■ **Goal of the exercise**: The lines from the one containing "Kylätarinoita kyläläisiltä Nurmijärvellä" through the last line below, both ends included, must be reproduced exactly, with no pictures.

■ **The data**:
Content starts

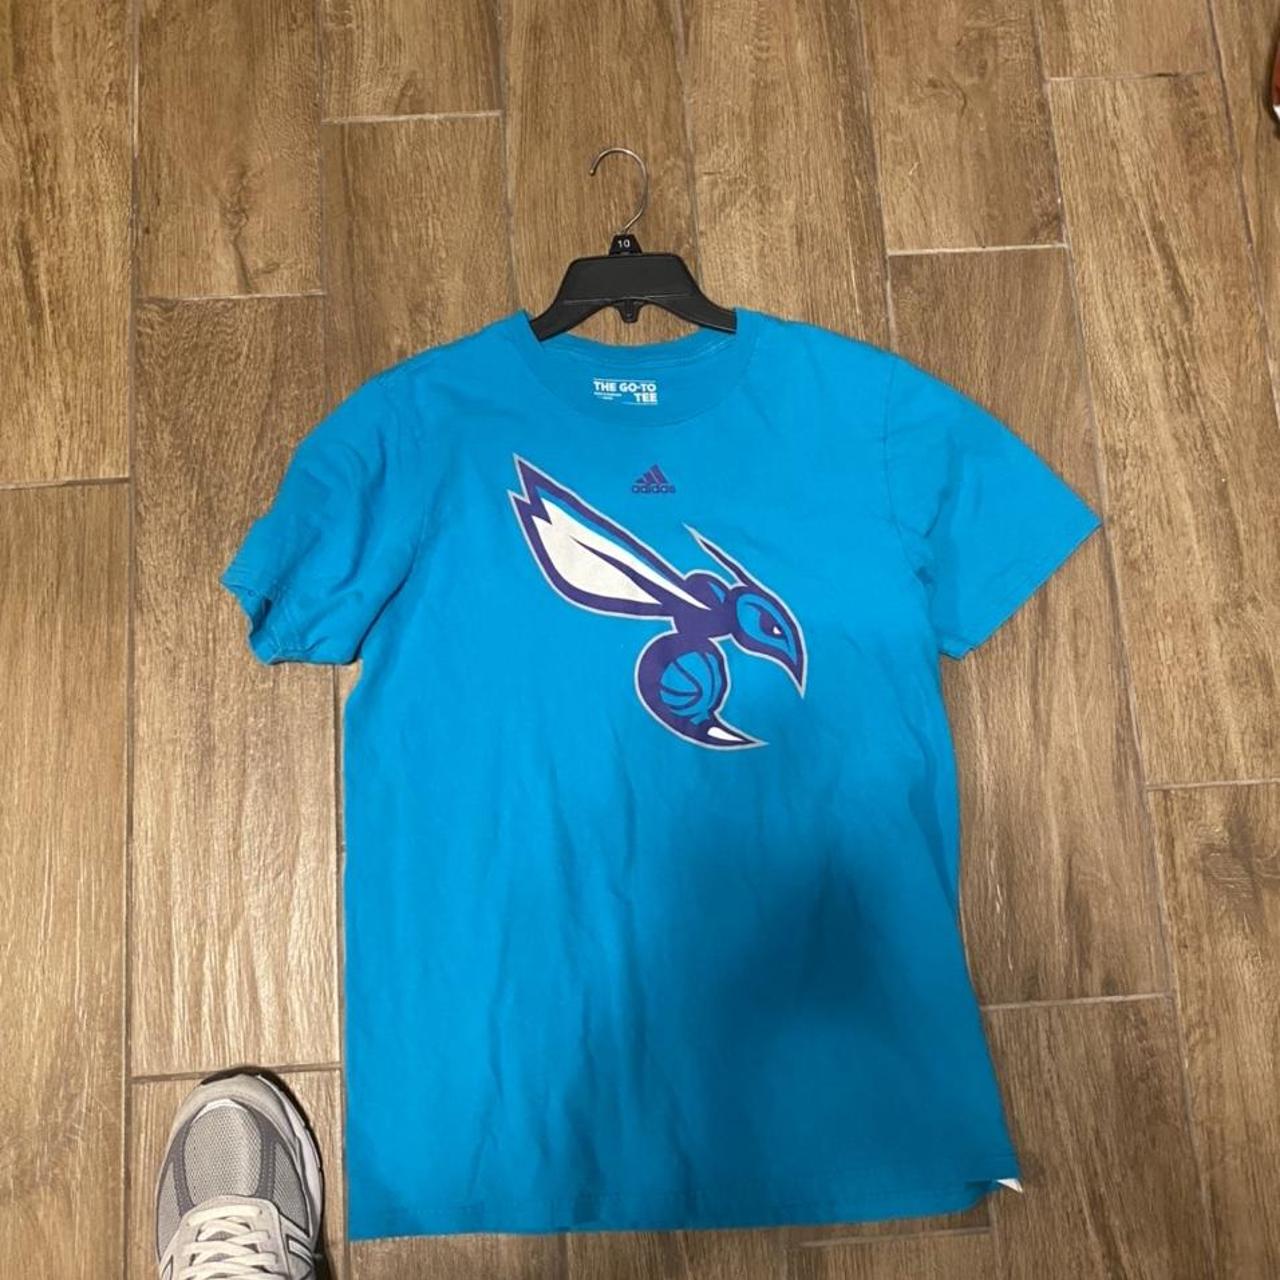 Nike Men's Charlotte Hornets Teal Logo T-Shirt, Medium, Blue
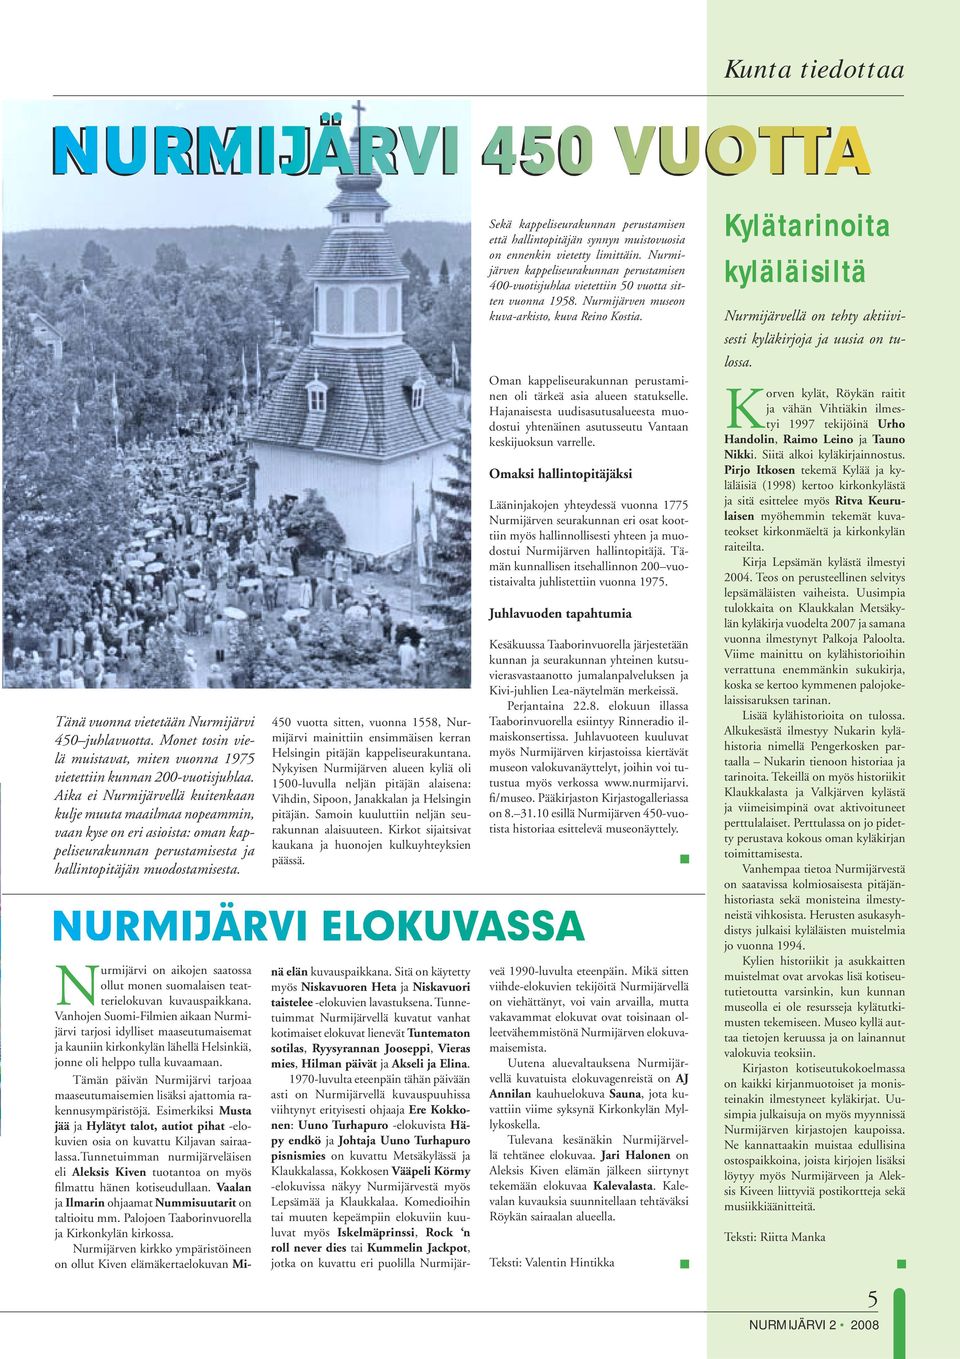 Kylätarinoita kyläläisiltä Nurmijärvellä on tehty aktiivisesti kyläkirjoja ja uusia on tulossa. Tänä vuonna vietetään Nurmijärvi 450 juhlavuotta.
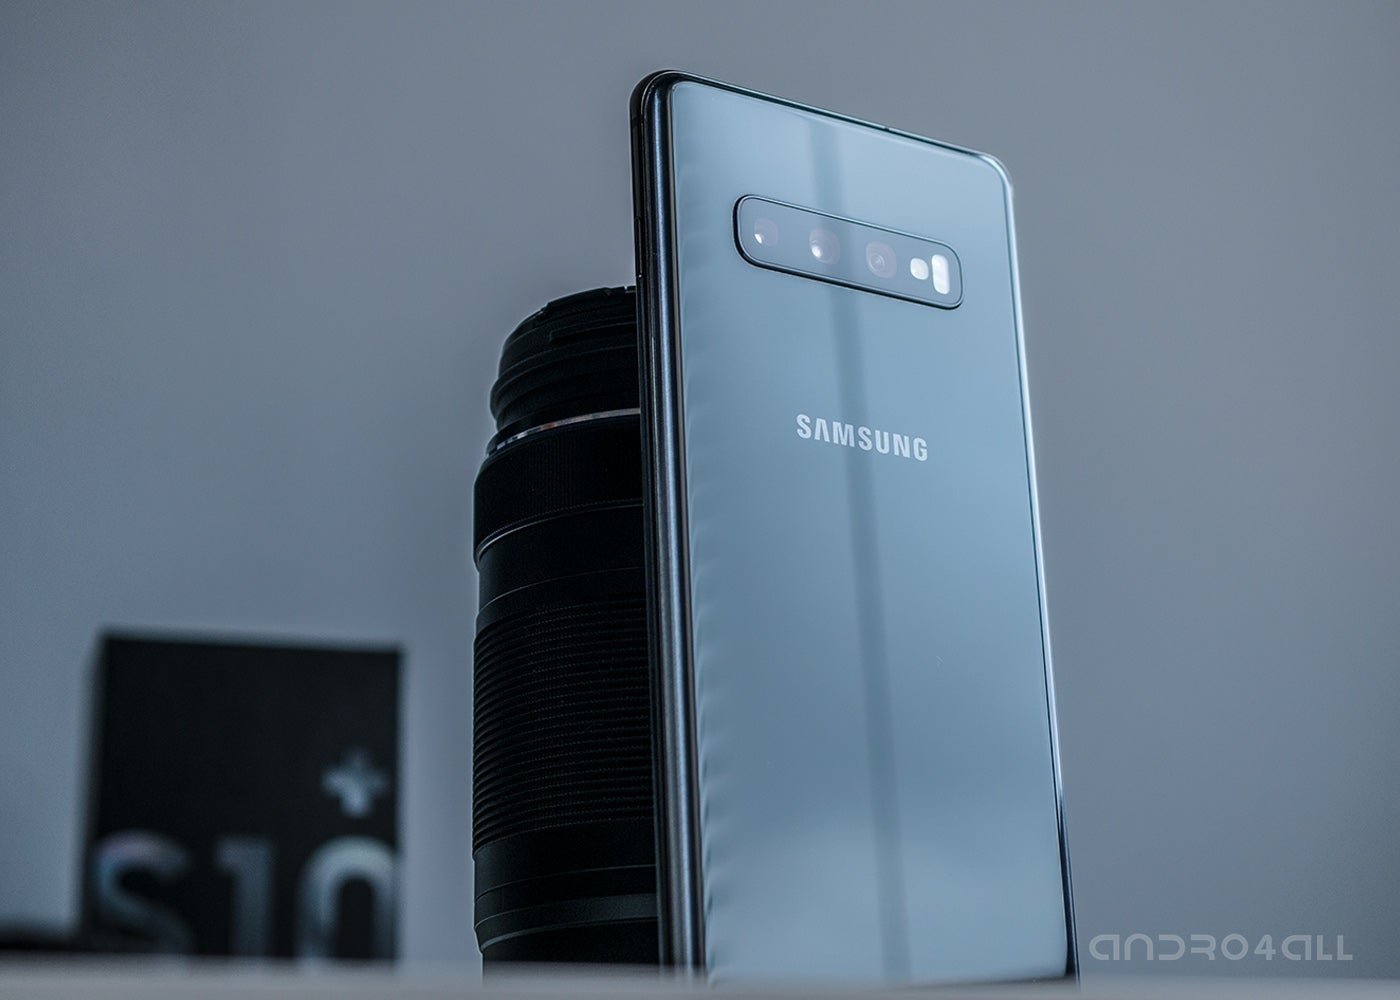 Samsung espera vender 45 millones de Galaxy S10 en 2019
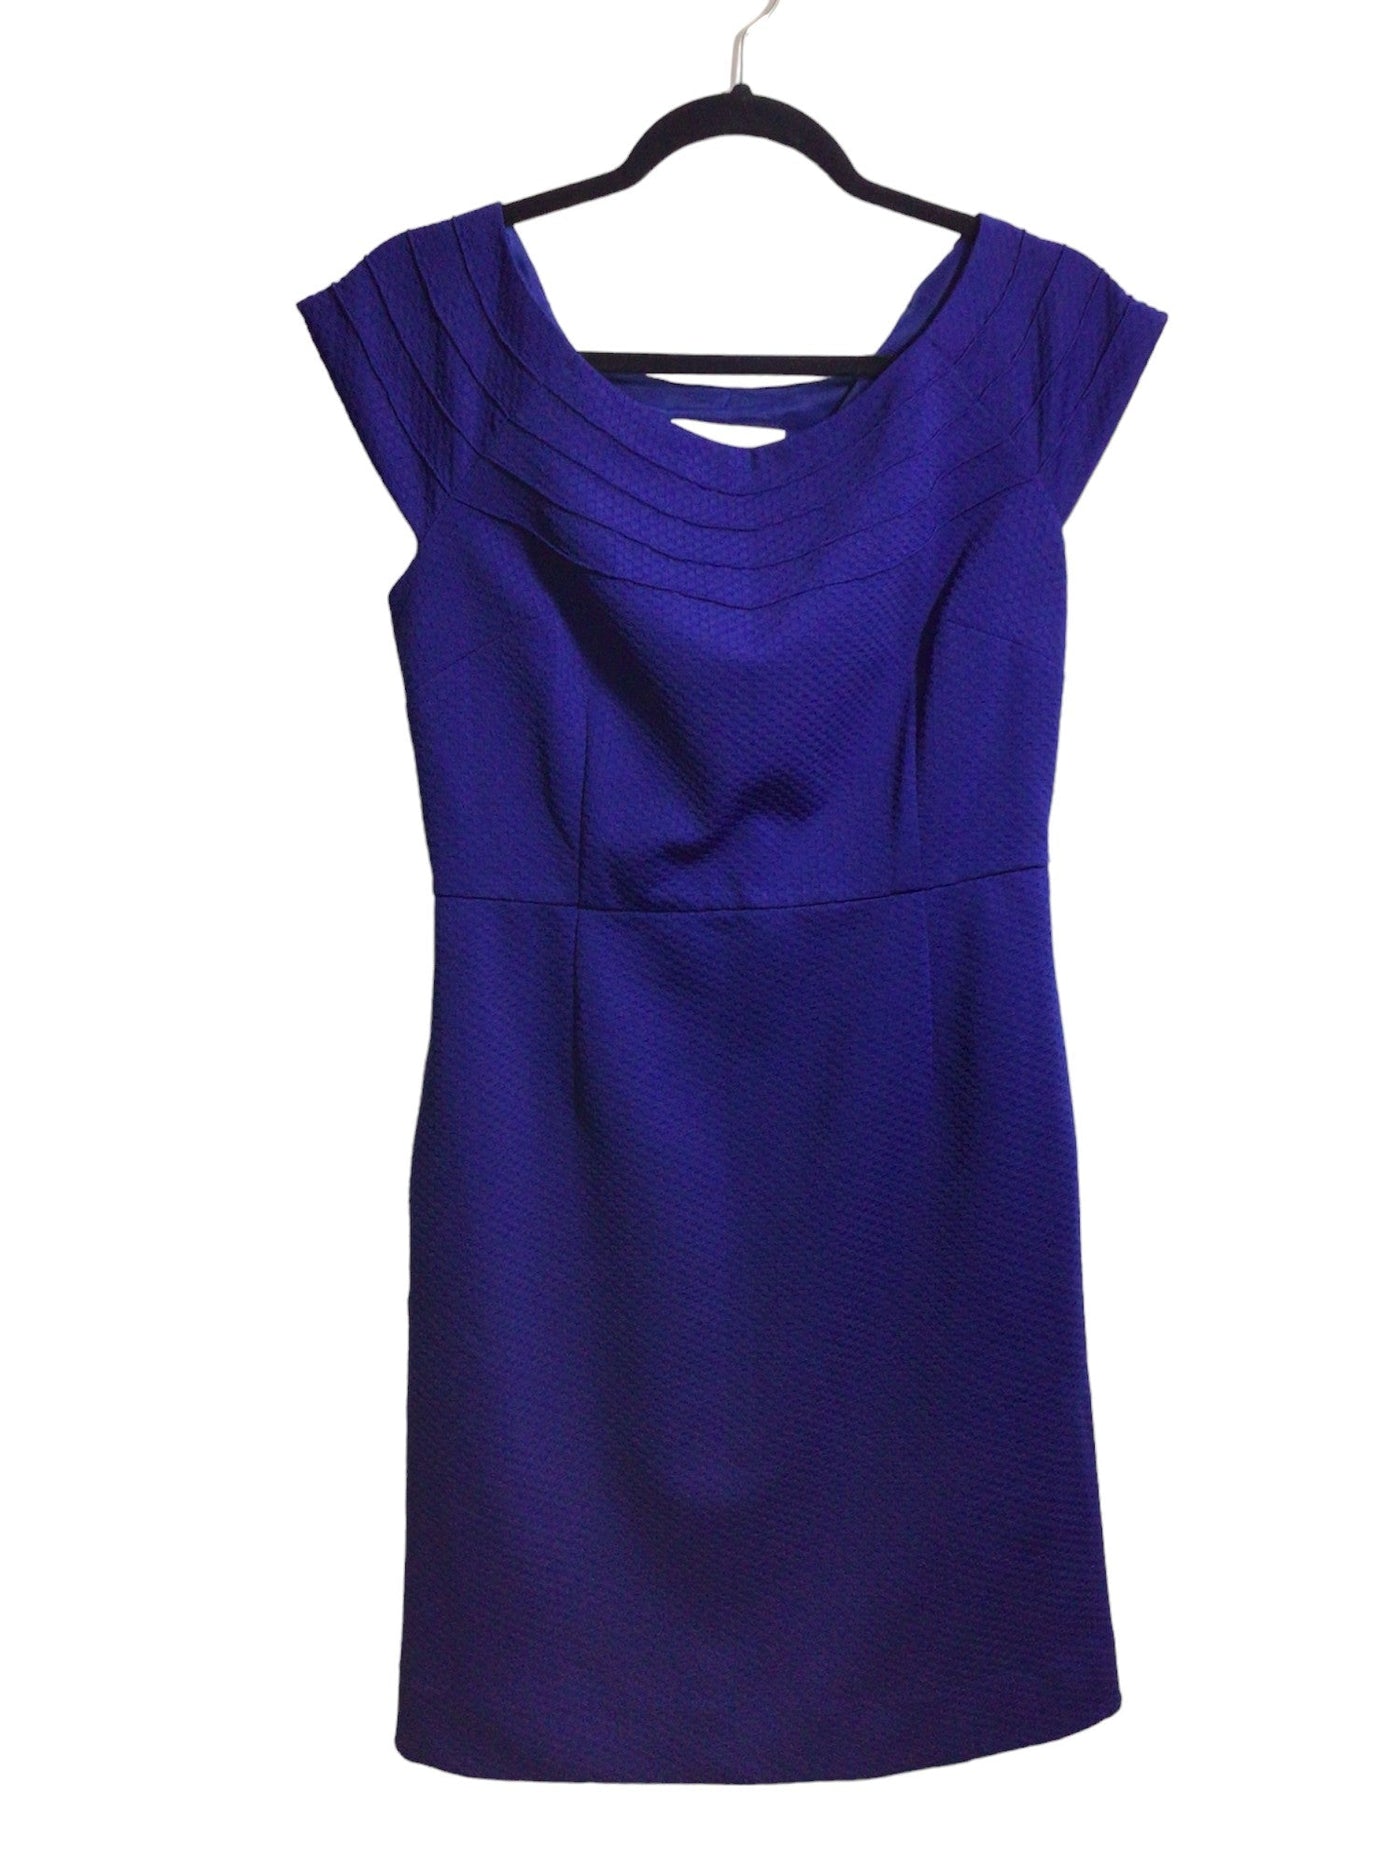 UNBRANDED Women Sheath Dresses Regular fit in Blue - Size M | 12 $ KOOP

Content ends

■ **Solved exercise**:
 Kylätarinoita kyläläisiltä Nurmijärvellä on tehty aktiivisesti kyläkirjoja ja uusia on tulossa. Tänä vuonna vietetään Nurmijärvi 450 juhlavuotta.
 Samsung espera vender 45 millones de Galaxy S10 en 2019
 UNBRANDED Women Sheath Dresses Regular fit in Blue - Size M | 12 $ KOOP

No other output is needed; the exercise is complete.